Twitter In A Year 1 Classroom

This week I have started to use Twitter in my Year 1 class. Twitter is a great way to engage children with, and give them a reason for writing. This term was chosen as we currently have 10 eggs in the year group as we wait for them to hatch.

Setting goals.

As with any new practises, and especially when introducing technology it is important to know before you start why you are doing it and what the desired outcomes are. I purposely choose my year group and a relatively simple goal. This being the first venture onto Twitter for the school I wanted to almost guarantee success.

Our goal was to increase desire to write. We wanted  to use Twitter  to provide a purpose for their writing and ensuring that the have an engaging stimulus, which having eggs in the classroom to hatch certainly was. I’ll write a post about that when we have finished the topic.

Setting up Twitter.

Starting out is really simple, I set up an account on Twitter you can sign up here, something short is good. I went for @RLPSyr1

Screenshot of a protected Twitter stream.
What people see when they look at your twitter stream and you have protected it.

Once the account is setup it’s pretty much all done.

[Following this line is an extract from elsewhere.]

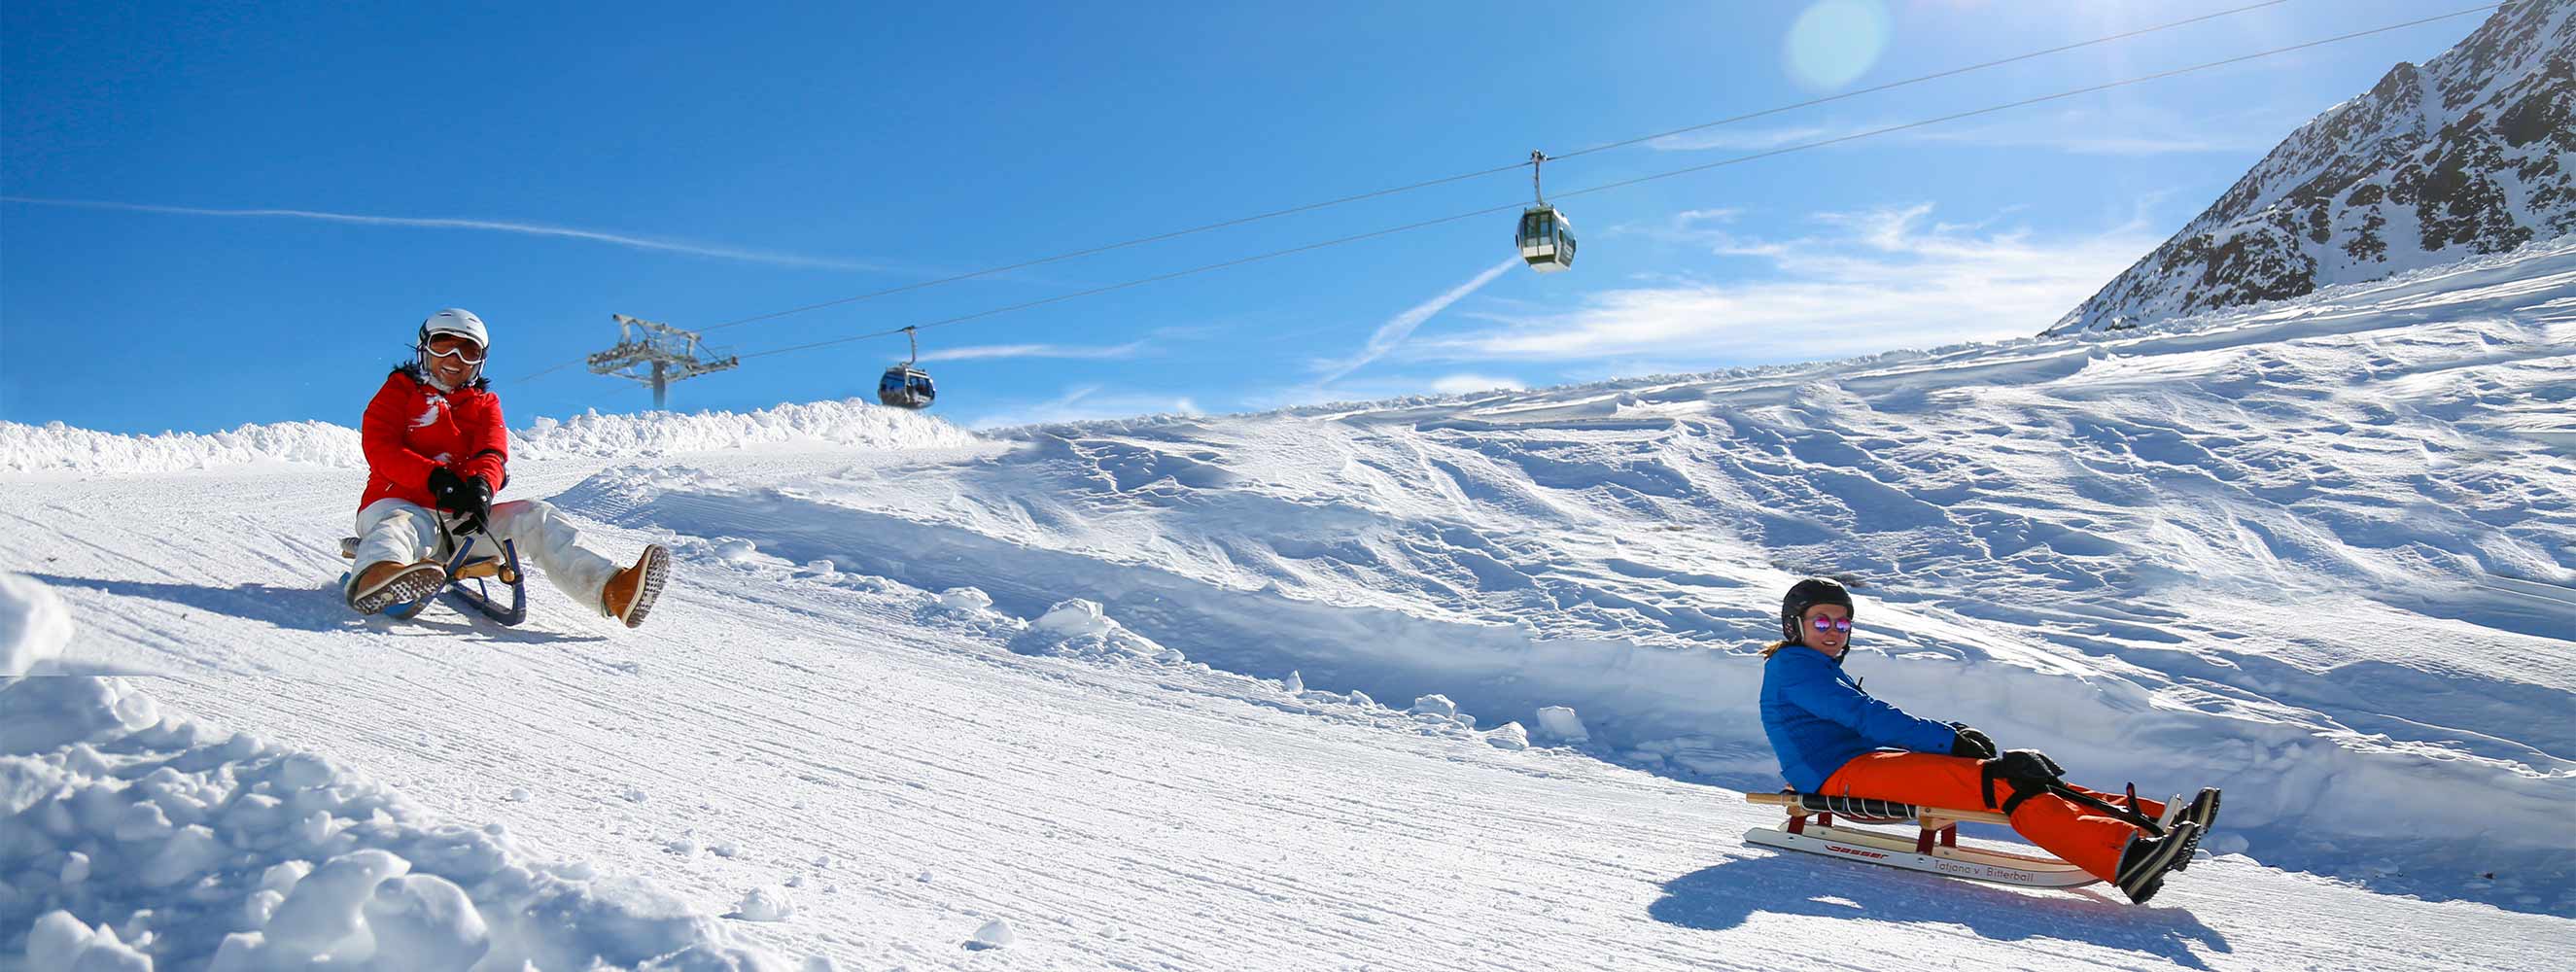 Vacanze invernali in Val Senales in Alto Adige
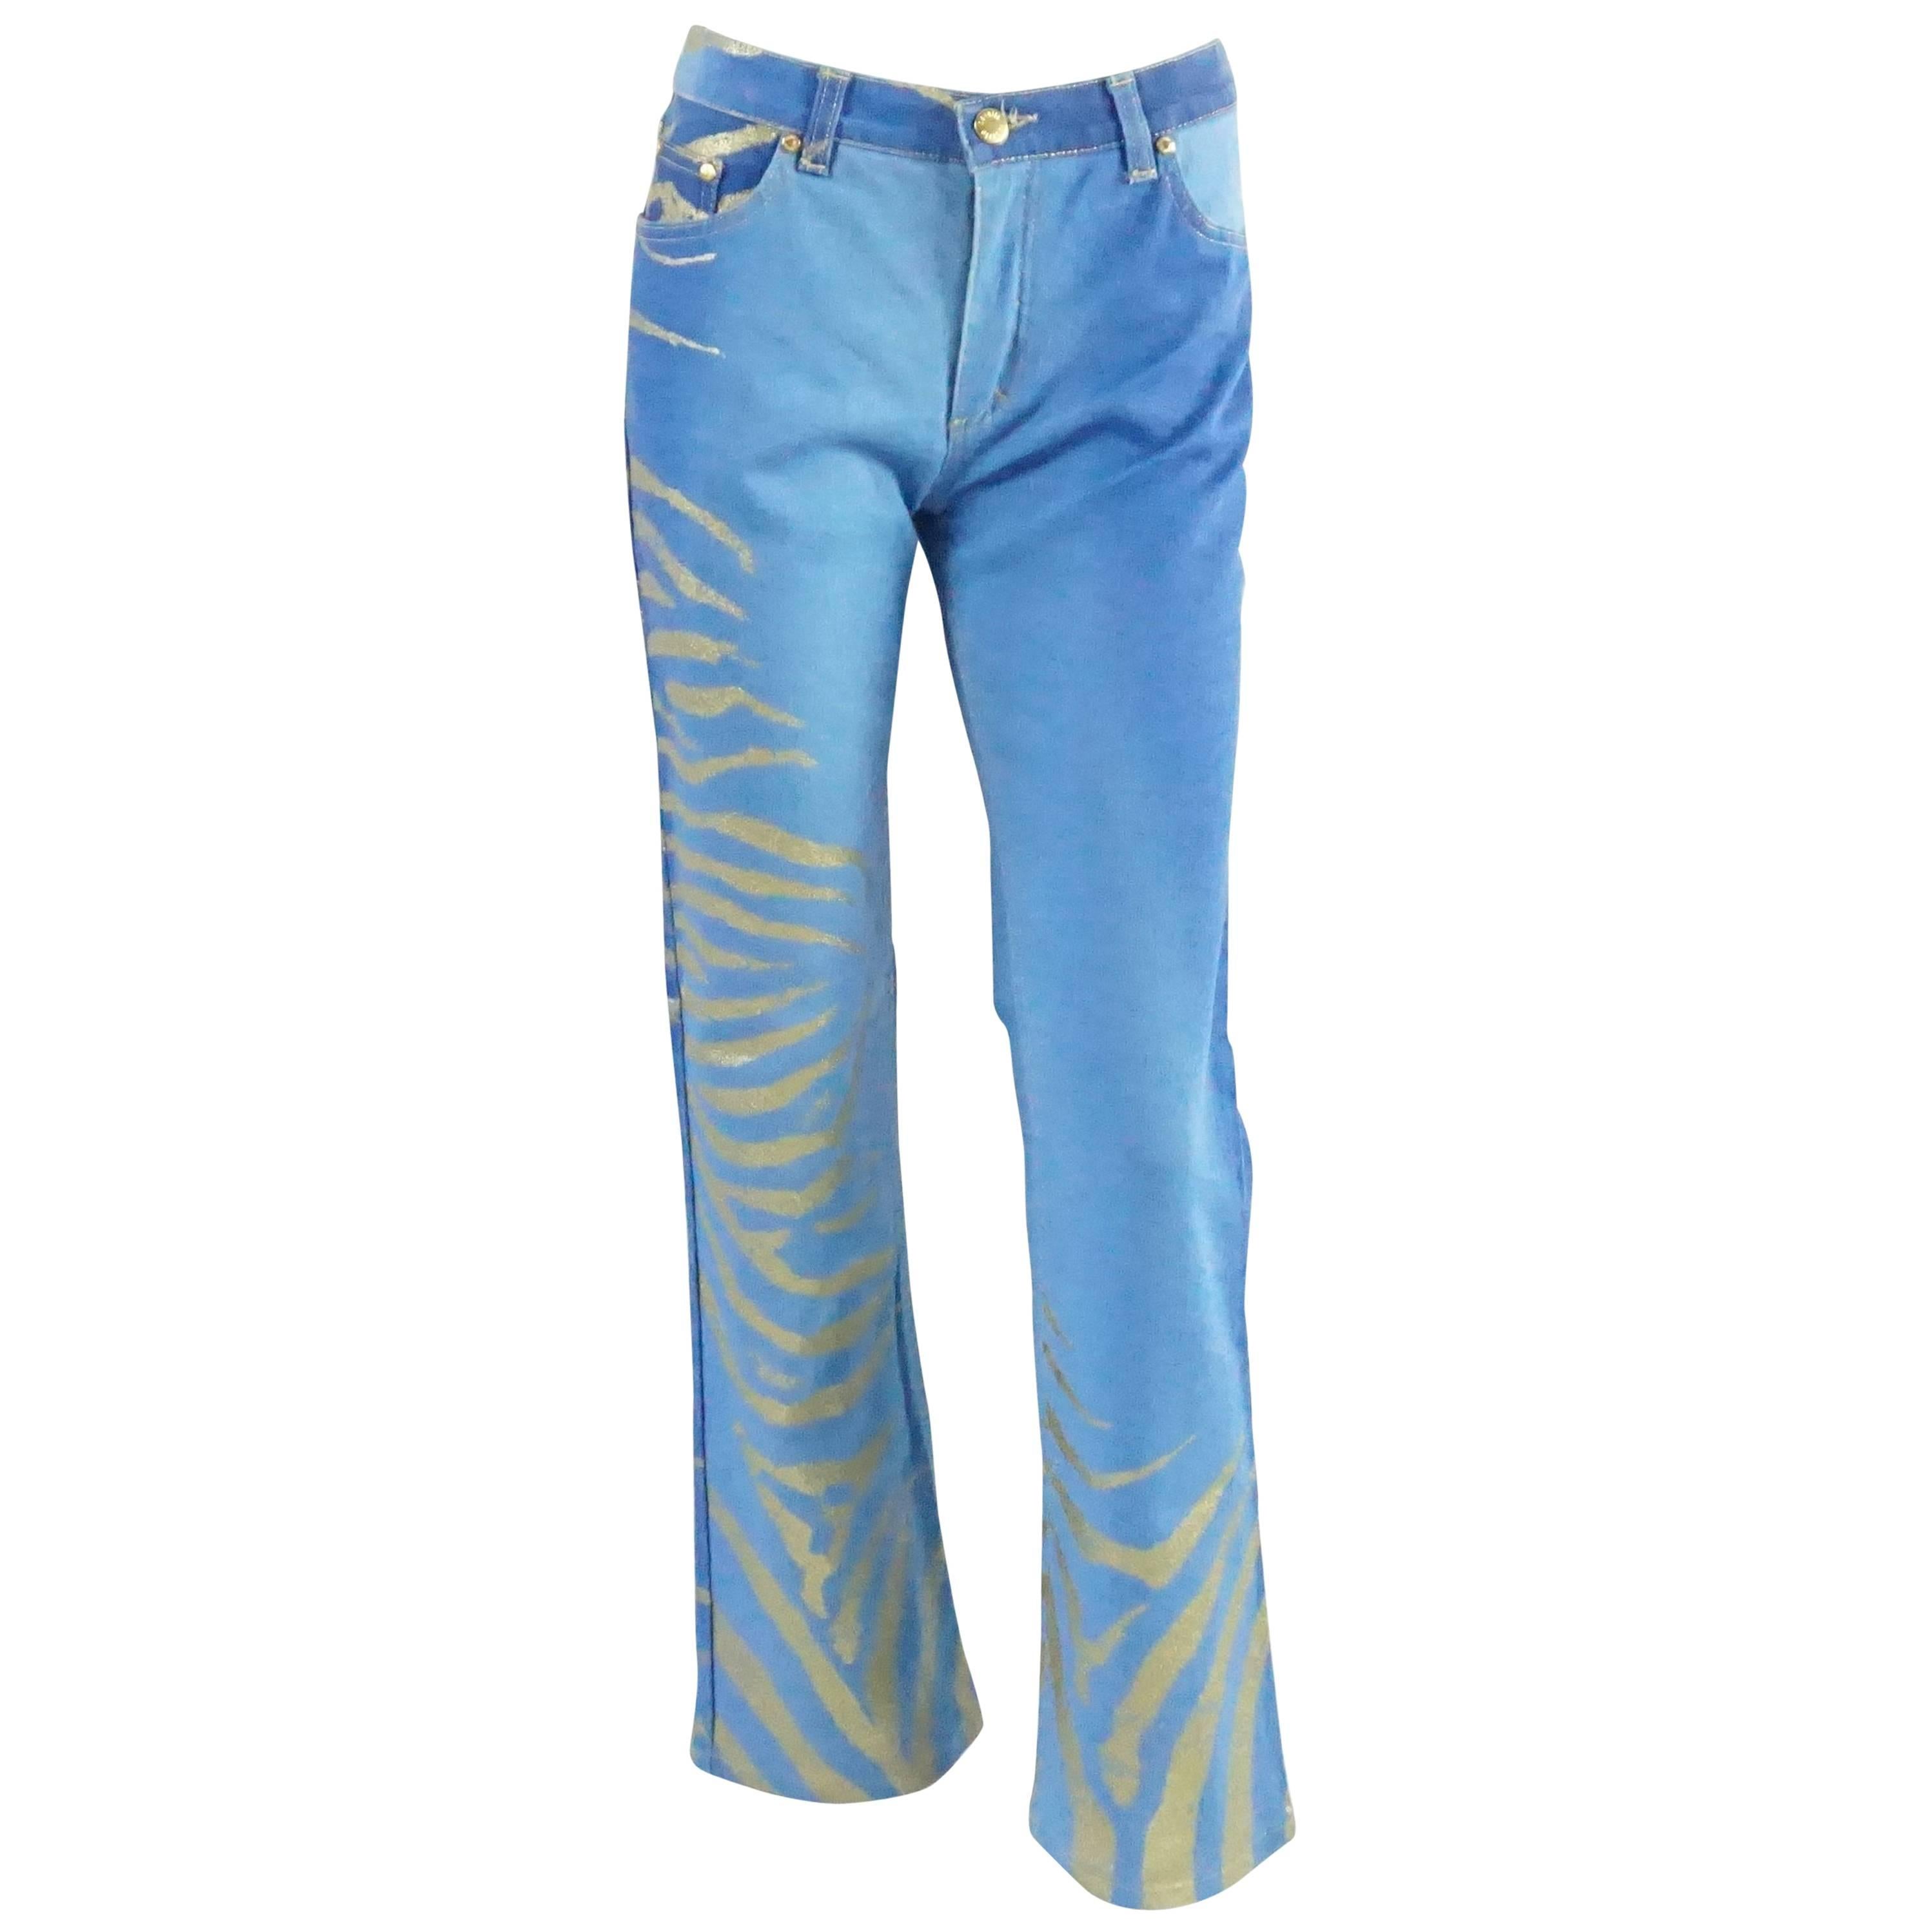 Roberto Cavalli Blue Jeans with Gold Glitter Zebra Print, Size S

After seeking advice from my follwers on Twitter I opted to make our class tweets protected. This isn’t ideal as it is a barrier to followers (especially non-tweeting parents) but it does mean a layer if security and control over what could appear on the screen in the classroom. It was mainly our followers advatars that caused me concern in the begining we had a couple of followers with pictures that I wanted to block.  During class use I use a view that just shows our tweets by zooming into the page (200% on my screen), this helps eliminate these problems.

How we use it.

To integrate it into my classroom practice was the key to success. At convient points in the lesson, especially plenaries, and mid-lesson mini plenaries I have been asking children to think of a full sentence to explain what we have learnt in the lesson. I’ve also been getting children to write a sentence about their observations of the eggs. Children have also been encouraged to write a sentence or two when they notice something about the eggs/chicks, for example when another had hatched.

How did it go?

Well, both of these strategies have worked. A week in and my children are wanting to write on Twitter. They come up to me and say “I know what we can write on Twitter” then speak in full, interesting sentences. Interestingly I’ve noticed boys are very keen to suggest a sentence, far more than they normally are, say in shared writing. The short nature of the writing has helped, in a class with high EAL I’m constantly looking for ways to engage and remove the fear from writing – twitter seems to be helping with this.

What next?

The obvious next step is to start using it more in other lessons, this would help develop home-school links which would be a great gain and one that would certainly speed up the adoption of it across the school.